Frankly, I modified my version too much to find what I did at the beginning. However, it is quite simple, just run the code and you will see where the problem is. Or let me know what your error message is.
Okay was able to make the required changes in stable_diffusion_engine.py to get the IRs generated from the "225-stable-diffusion-text-to-image" notebook working with this demo. Thanks @RedAndr for the guidance.
@arisha07 do you want to share the changes you made to get it working?
When you use the IRs generated in the notebook - "225-stable-diffusion-text-to-image" with this demo.py you will get errors related to Keyerror. For example - KeyError: 'encoder_hidden_states'. Go to the stable_diffusion_engine.py and see where it is getting called from. Now when you look into unet.xml you will see that 'encoder_hidden_states' has now become 'encoder_hidden_state'. So make the changes for the keys accordingly in the code.

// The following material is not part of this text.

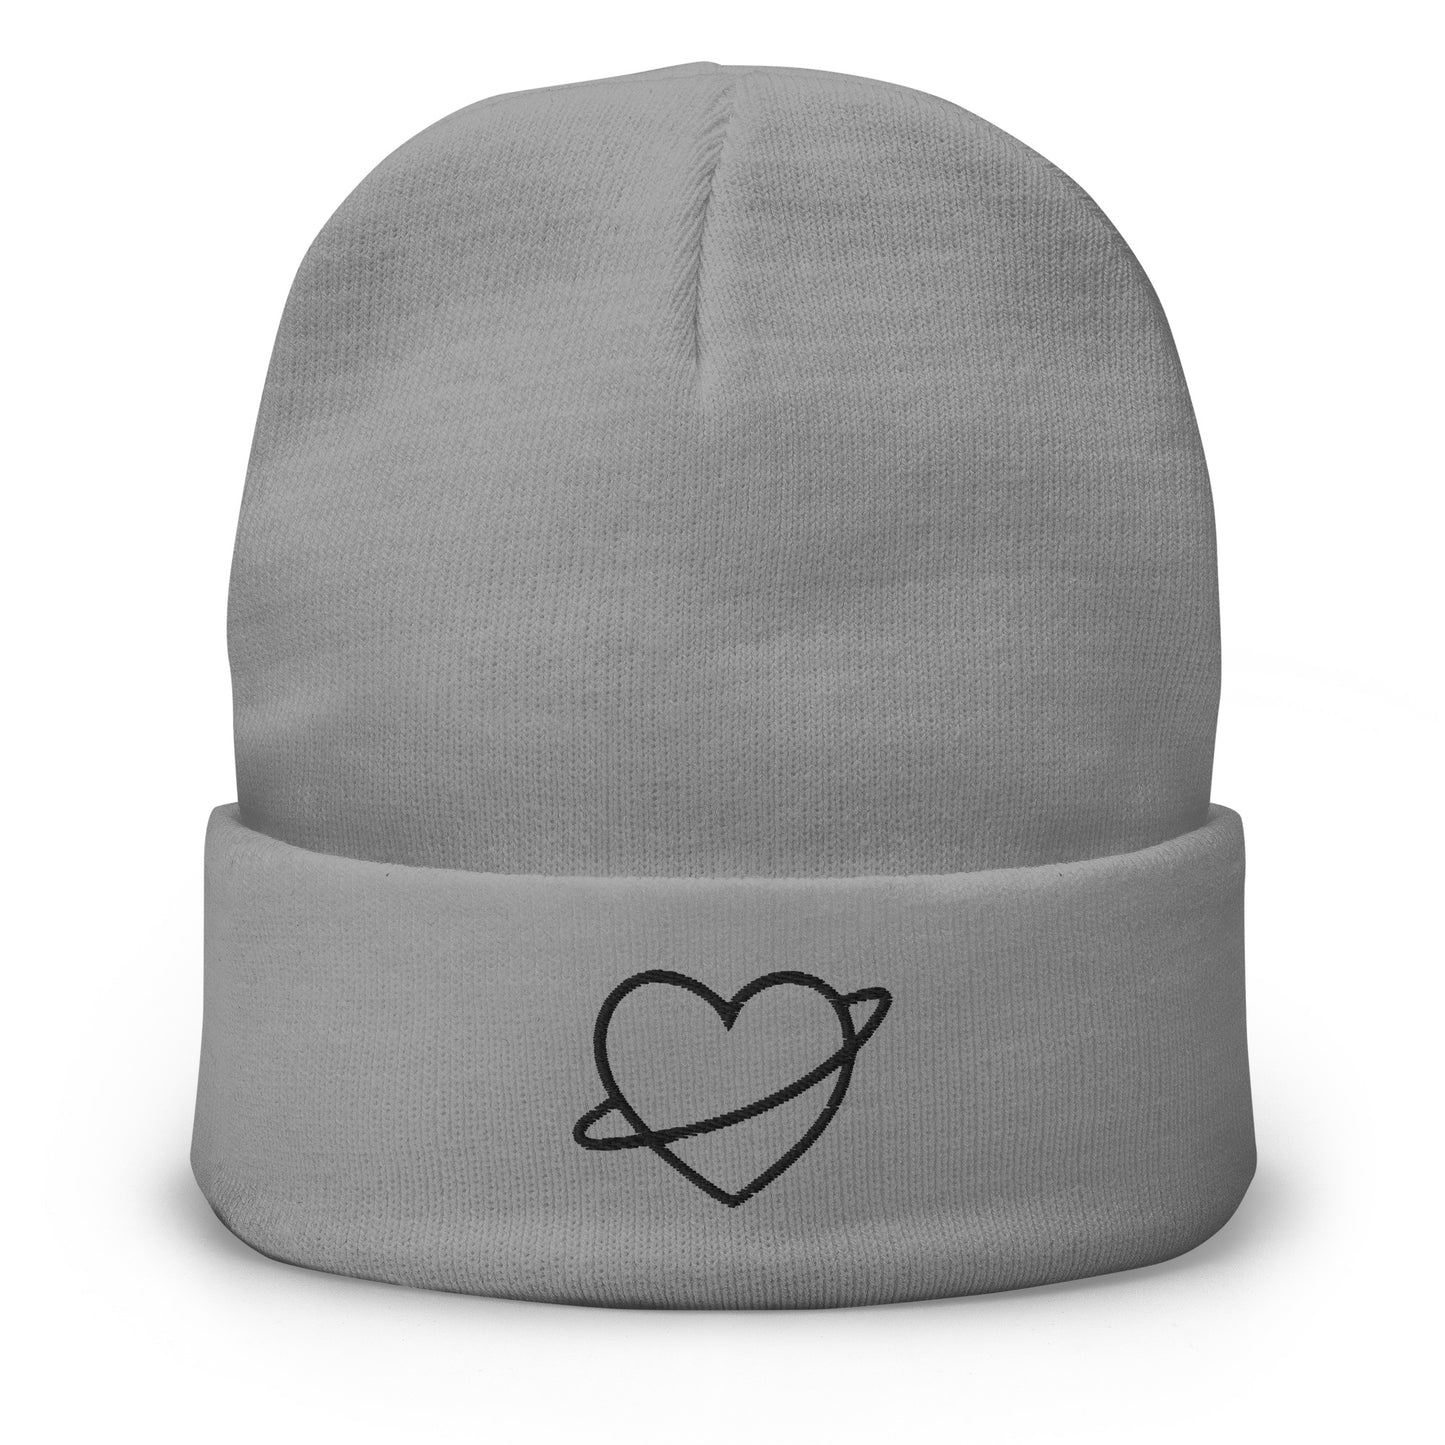 Embroidered hat with heart

Other such key changes are - "latent_model_input" -> "sample" "t" -> "timestep" "token" -> "input_ids"
@RedAndr it will be great if you could share the VAE encoder IR conversion part.
Sure:
@torch.no_grad()
def convert_vae_encoder_onnx(pipe:StableDiffusionPipeline, onnx_path:Path):
"""
Convert VAE model to ONNX, then IR format.
Function accepts pipeline, creates wrapper class for export only necessary for inference part,
prepares example inputs for ONNX conversion via torch.export,
Parameters:
pipe (StableDiffusionPipeline): Stable Diffusion pipeline
onnx_path (Path): File for storing onnx model
Returns:
None
"""
class VAEEncoderWrapper(torch.nn.Module):
def __init__(self, vae):
super().__init__()
self.vae = vae
def forward(self, sample):
latent = self.vae.encode(sample)[0].sample()
return latent
if not onnx_path.exists():
vae_encoder = VAEEncoderWrapper(pipe.vae)
text = 'a photo of an astronaut riding a horse on mars'
text_encoder = pipe.text_encoder
input_ids = pipe.tokenizer(
text,
padding="max_length",
max_length=pipe.tokenizer.model_max_length,
truncation=True,
return_tensors="pt",
).input_ids
with torch.no_grad():
text_encoder_output = text_encoder(input_ids)
image_shape = (1, 3, res_v, res_h)
image = torch.randn(image_shape)
t = torch.from_numpy(np.array(1, dtype=float))
max_length = input_ids.shape[-1]
uncond_input = pipe.tokenizer([""], padding="max_length", max_length=max_length, return_tensors="pt")
uncond_embeddings = pipe.text_encoder(uncond_input.input_ids)[0]
encoder_hidden_state = torch.cat([uncond_embeddings, text_encoder_output[0]])
vae_encoder.eval()
with torch.no_grad():
torch.onnx.export(
vae_encoder, (image,), onnx_path, input_names=['init_image'], output_names=['sample'],
#dynamic_axes={"init_image": {0: "batch", 1: "channels", 2: "height", 3: "width"}},
opset_version = opset # onnx opset version for export
)
print('VAE encoder successfully converted to ONNX')
VAEE_ONNX_PATH = Path('vae_encoder.onnx')
VAEE_OV_PATH = VAEE_ONNX_PATH.with_suffix('.xml')
if not VAEE_OV_PATH.exists():
convert_vae_encoder_onnx(pipe, VAEE_ONNX_PATH)
print(f"mo --input_model {VAEE_ONNX_PATH} --compress_to_fp16")
print('VAE successfully converted to IR')
Uncomment the dynamic_axes line if you need a variable resolution. opset = 16 in my case, res_v and res_h are self-explanatory.
We updated the notebooks and so this demo and the notebooks will work together. i.e., the converted IR will work directly.
I also updated the new FP16 as the default and so the download is smaller and also works much much faster on GPUs. https://huggingface.co/bes-dev/stable-diffusion-v1-4-openvino
Hello, can you please share the steps and command line you used to convert the original model to OpenVINO IRs. Need this to help optimize these models further.